While data from various measures do not align perfectly, results from studies of set learning and set-shifting in SZ patients converge in several respects:

  • They indicate that patients are not simply insensitive to punishments in the manner that individuals with frontal lobe or amygdala lesions often appear to be;

  • They point to a more general deficit in learning about value, even when rapid reversals are not required; and

  • They support the idea that this deficit in learning about value may stem from working memory impairments, frequently associated with SZ.

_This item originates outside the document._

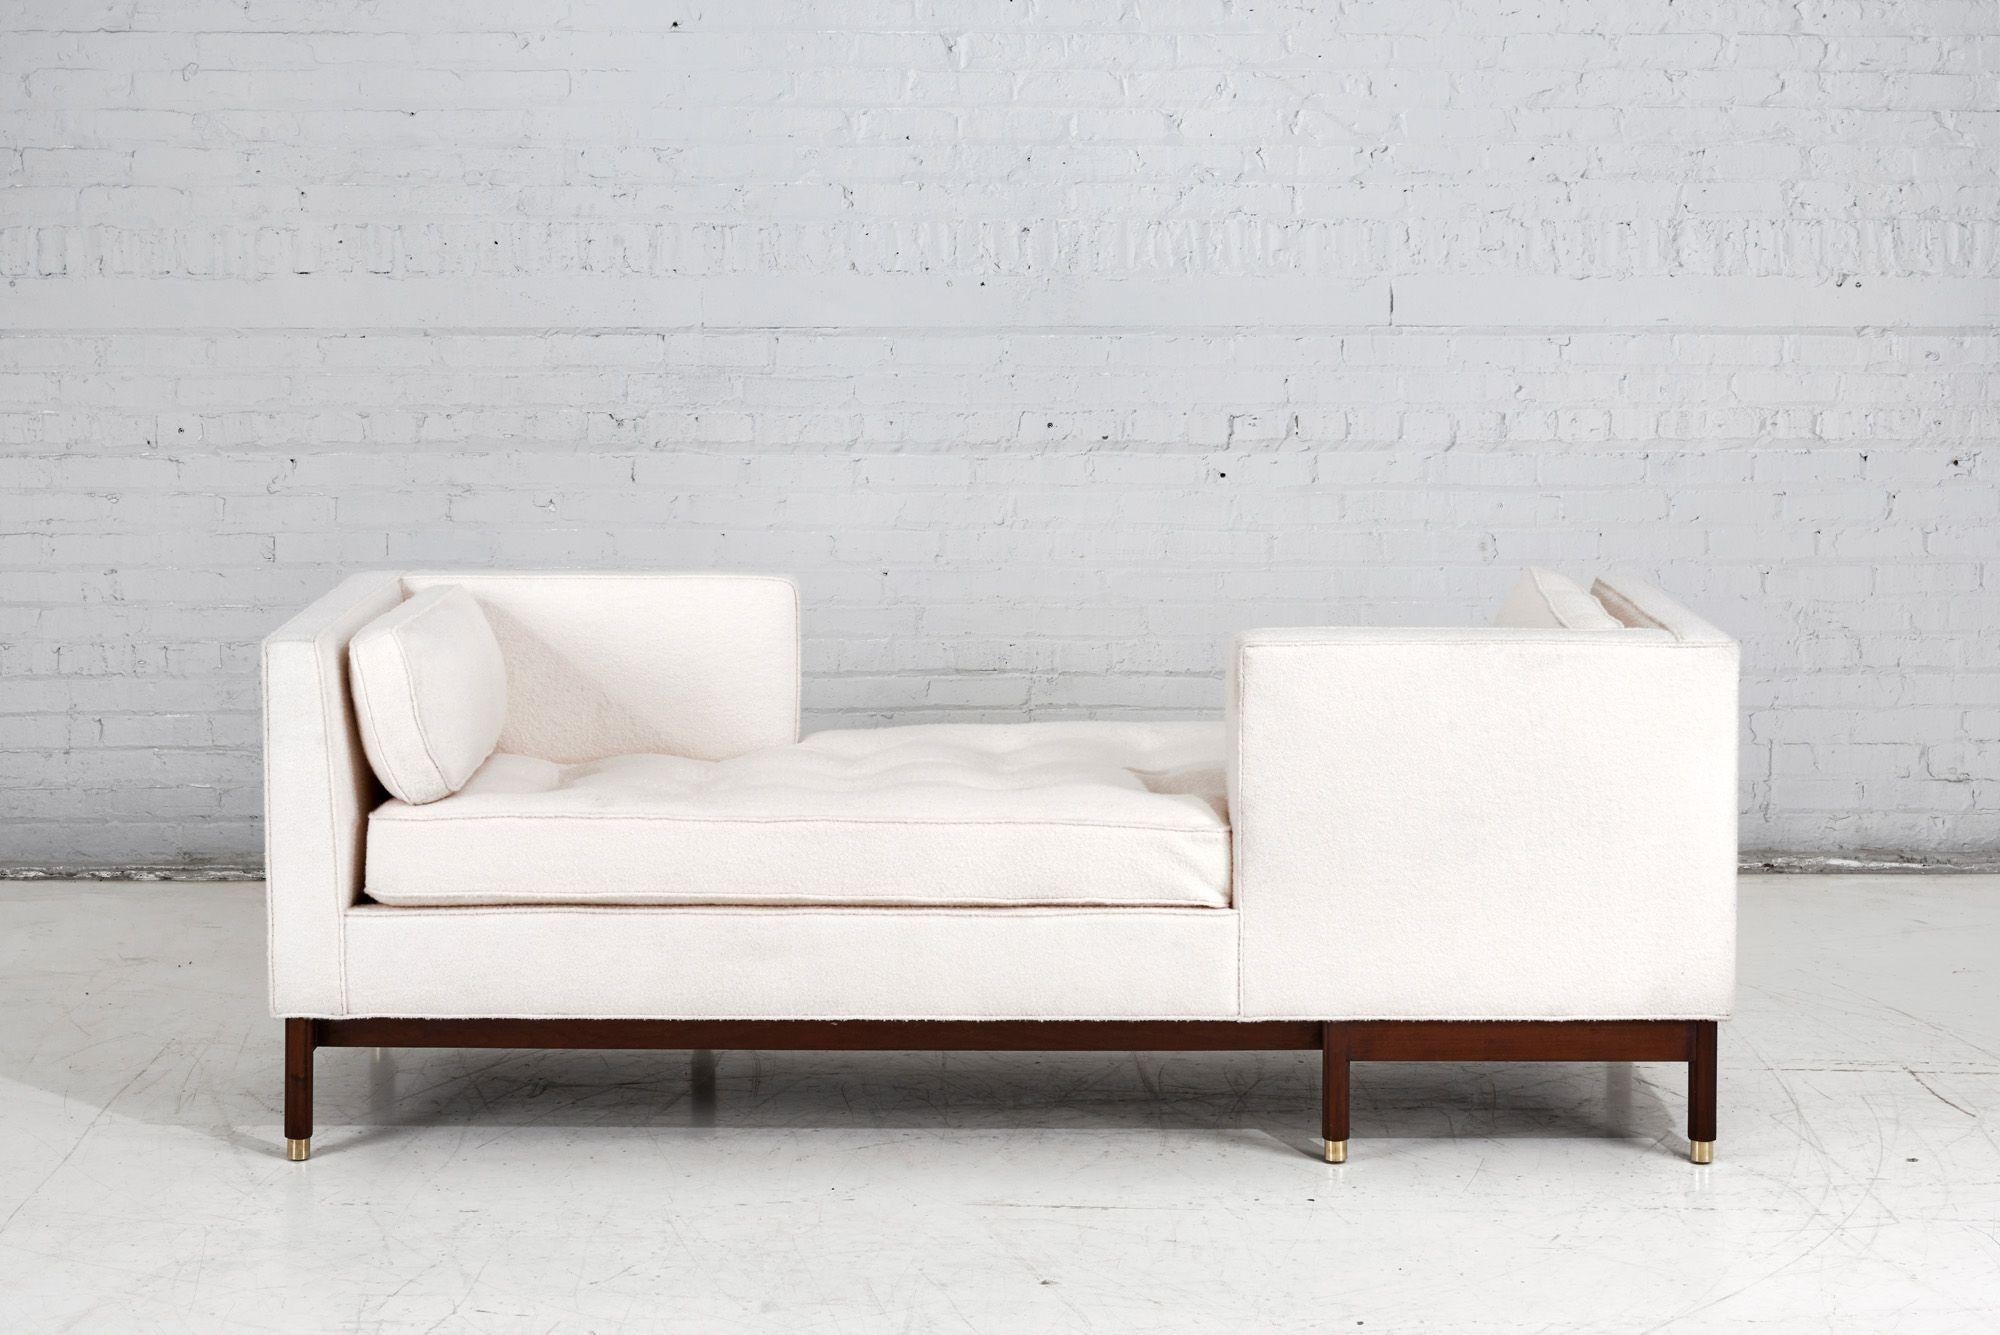 Edward Wormley Tete-a-Tete Sofa for Dunbar White Boucle, 1950.  Restored and reupholstered in white boucle. Mahogany legs with brass feet.

The remainder of the manuscript will focus on studies using probabilistic reversal learning, as a paradigm case, to investigate rapid reinforcement learning. Given their extensive application in both the human and nonhuman studies of cognitive flexibility, the functional anatomy of processes involved in probabilistic reversal learning have been relatively well mapped-out, potentially enabling one to make detailed statements about the neural substrates of both adaptive and pathological value-based learning and decision making.

4. Reversal learning as a paradigm case – difference neural substrates for different cognitive processes

4.1. Frontostriatal systems and reversal learning

Due to their potential as translational paradigms for the study of reinforcement learning and set-shifting, Probabilistic Reversal Learning tasks have frequently been used in cognitive neuroscience studies over the last several decades. Both lesion studies (Hornak et al., 2004) and neuroimaging studies (Cools et al., 2002) have confirmed a role for frontostriatal circuits in successful reversal learning. As with other paradigms, however, more recent studies using PRL paradigms have highlighted their complexity and have focused on isolating the component processes. Ventrolateral prefrontal cortex (vlPFC; Brodmann areas 47/12) is an area that has been consistently implicated in set-shifting behavior, both in imaging studies of the WCST and related tasks (Konishi et al., 1999, Monchi et al., 2001), and in imaging studies of probabilistic reversal learning (Cools et al., 2002). The idea that this region is specifically involved in “switching” behavior is supported by evidence that vlPFC is selectively activated by negative feedback that leads to switching (Cools et al., 2002). Additional evidence indicates that the vlPFC is essential for the integration of negative feedback in rule-learning, as the act of switching, itself, activates vlPFC to a much lesser degree (Konishi et al., 1999, Monchi et al., 2001).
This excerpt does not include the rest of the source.